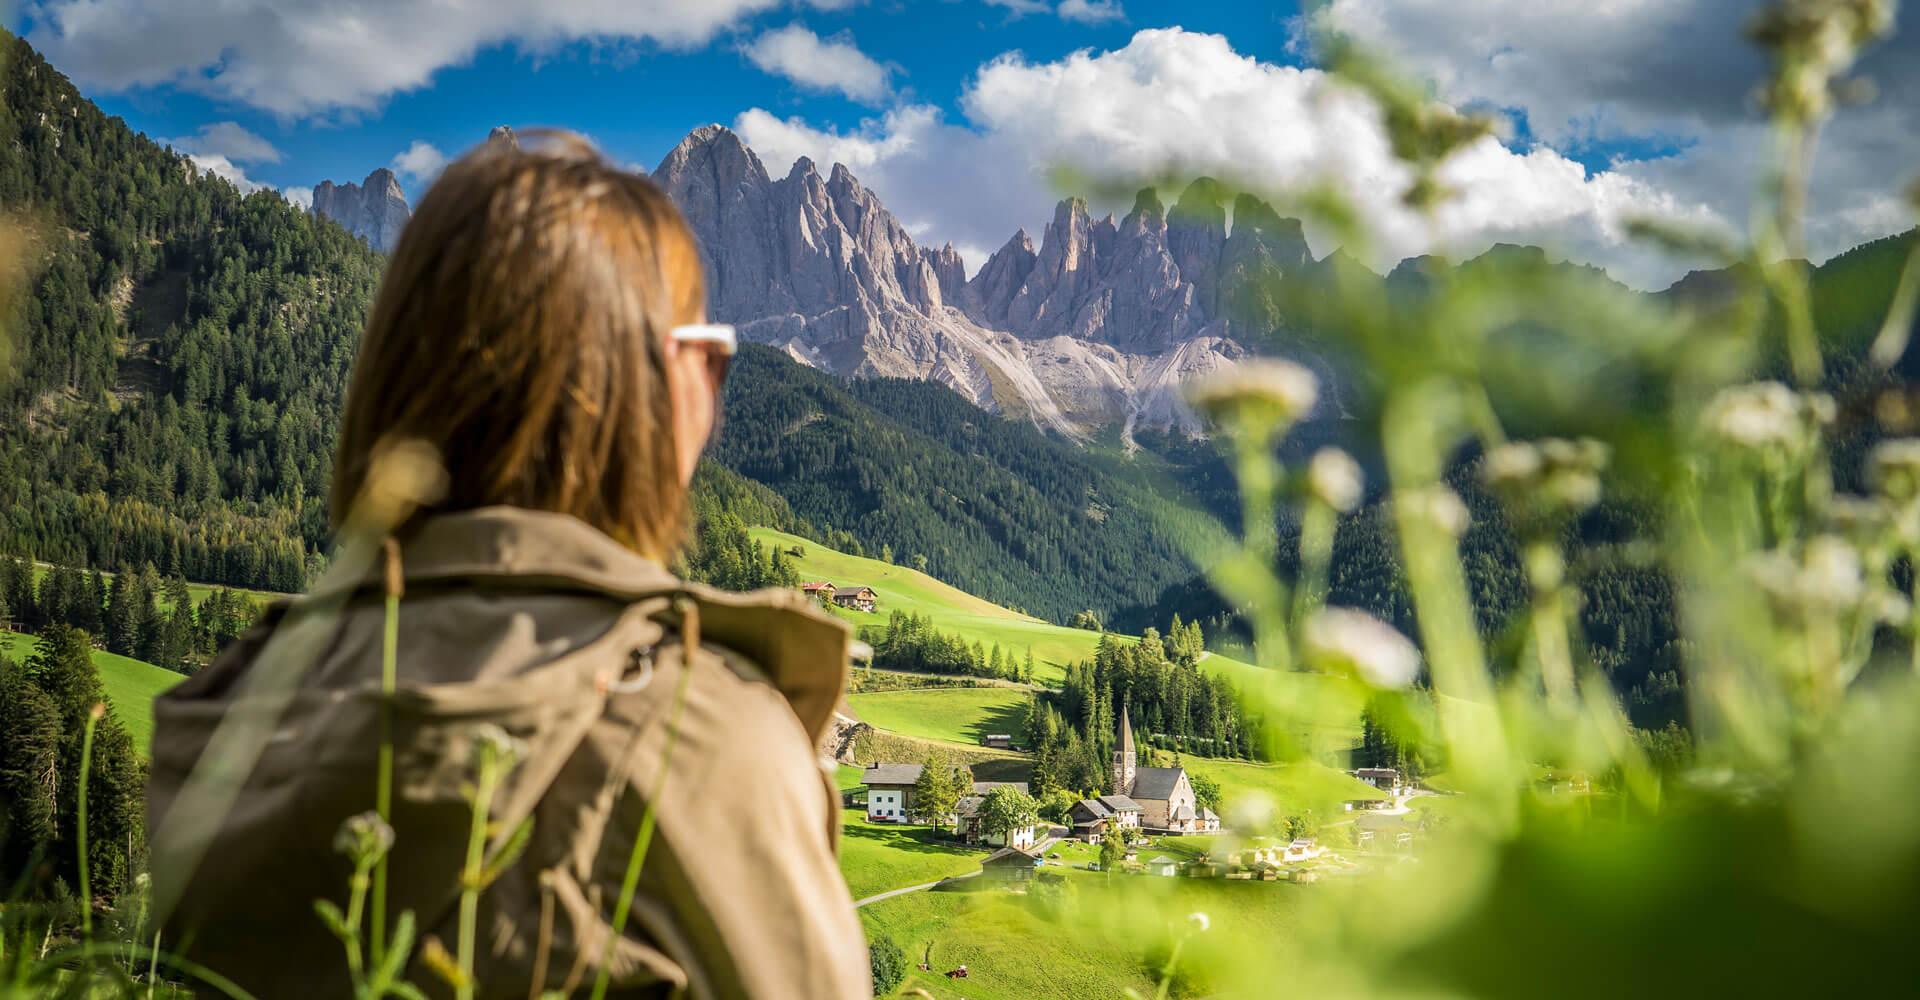 Urlaub auf dem Bauernhof in Villnöss / Südtirol
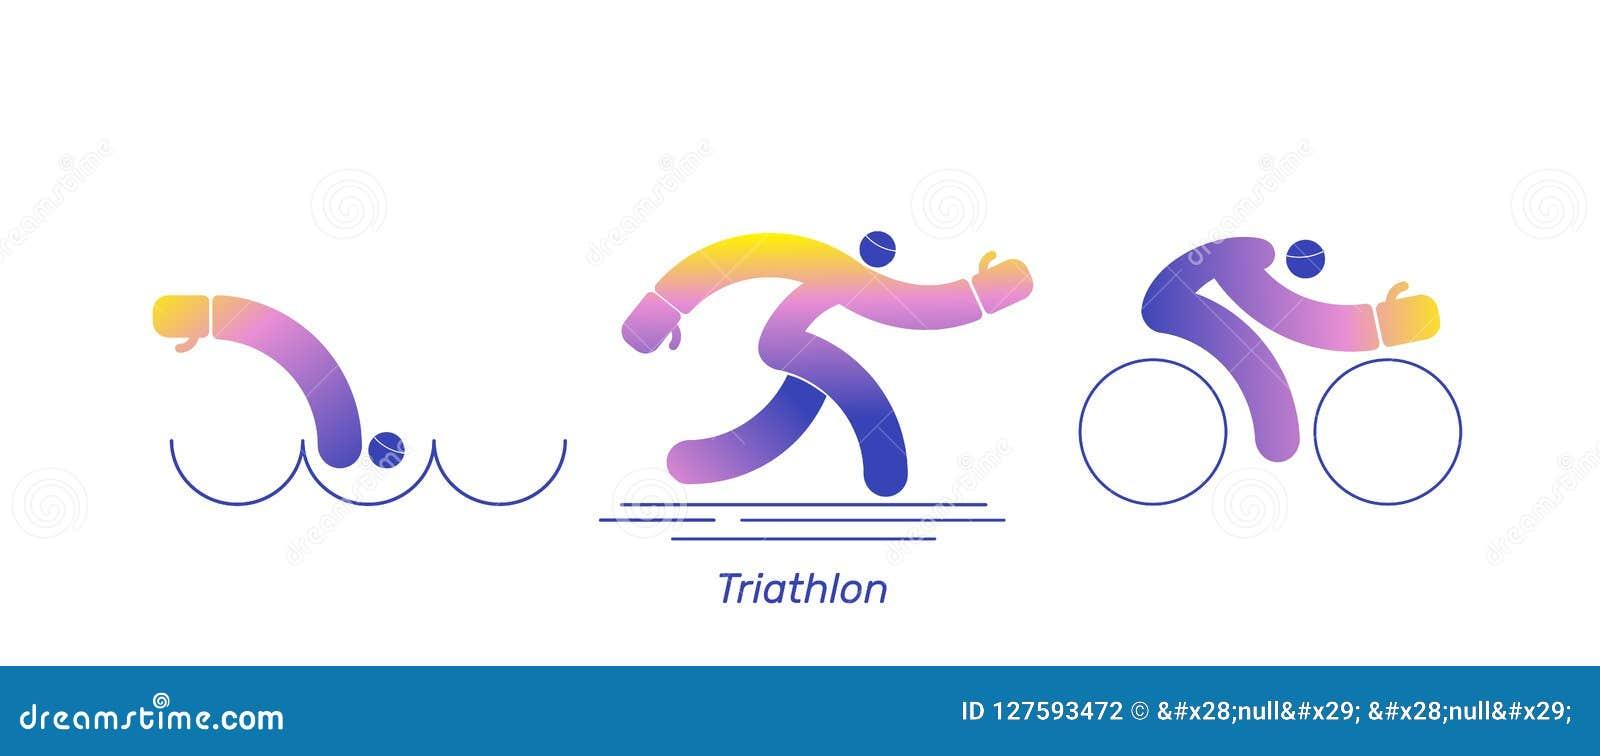 Διανυσματικό αθλητικό ποδήλατο δραστηριότητας Triathlon Το τρέξιμο λογότυπων κολυμπά το δρομέα Εικονίδια - κολύμβηση, τρέξιμο, πο
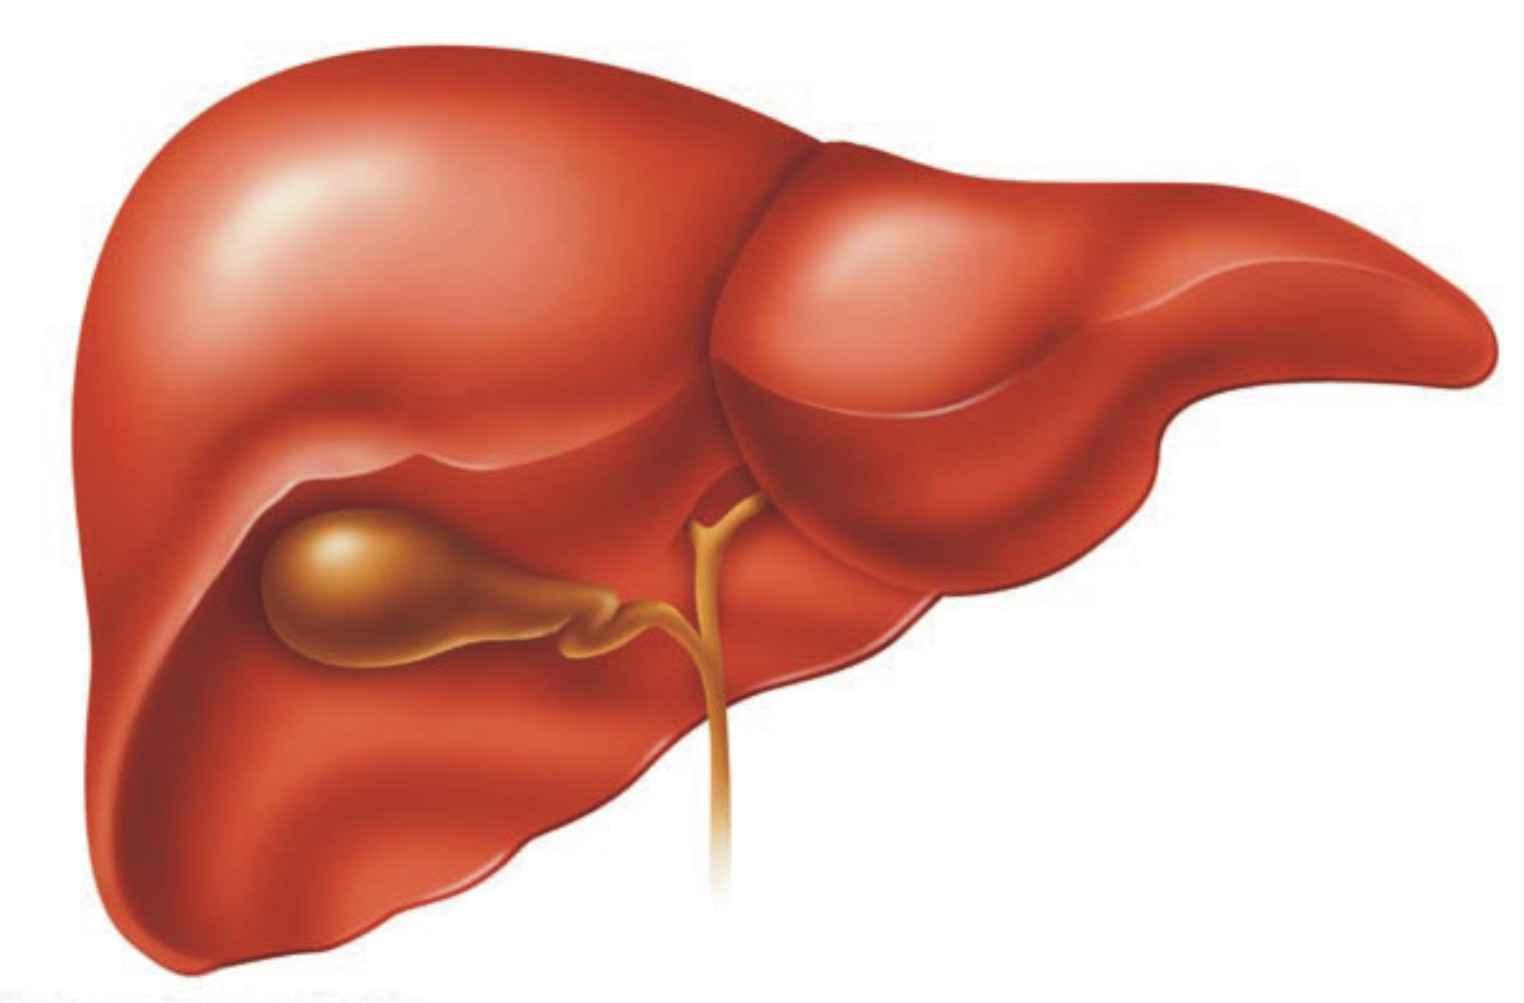 أطباء أتراك يبتكرون تقنية فريدة لزراعة الكبد

● ● ● ●

**PROBLEM STATEMENT:** All of the material goes into the answer exactly as it stands, except for the pictures.

**YOUR SOLUTION:**
 Urlaub auf dem Bauernhof in Villnöss / Südtirol
 Διανυσματικό αθλητικό ποδήλατο δραστηριότητας Triathlon Το τρέξιμο λογότυπων κολυμπά το δρομέα Εικονίδια - κολύμβηση, τρέξιμο, πο
 أطباء أتراك يبتكرون تقنية فريدة لزراعة الكبد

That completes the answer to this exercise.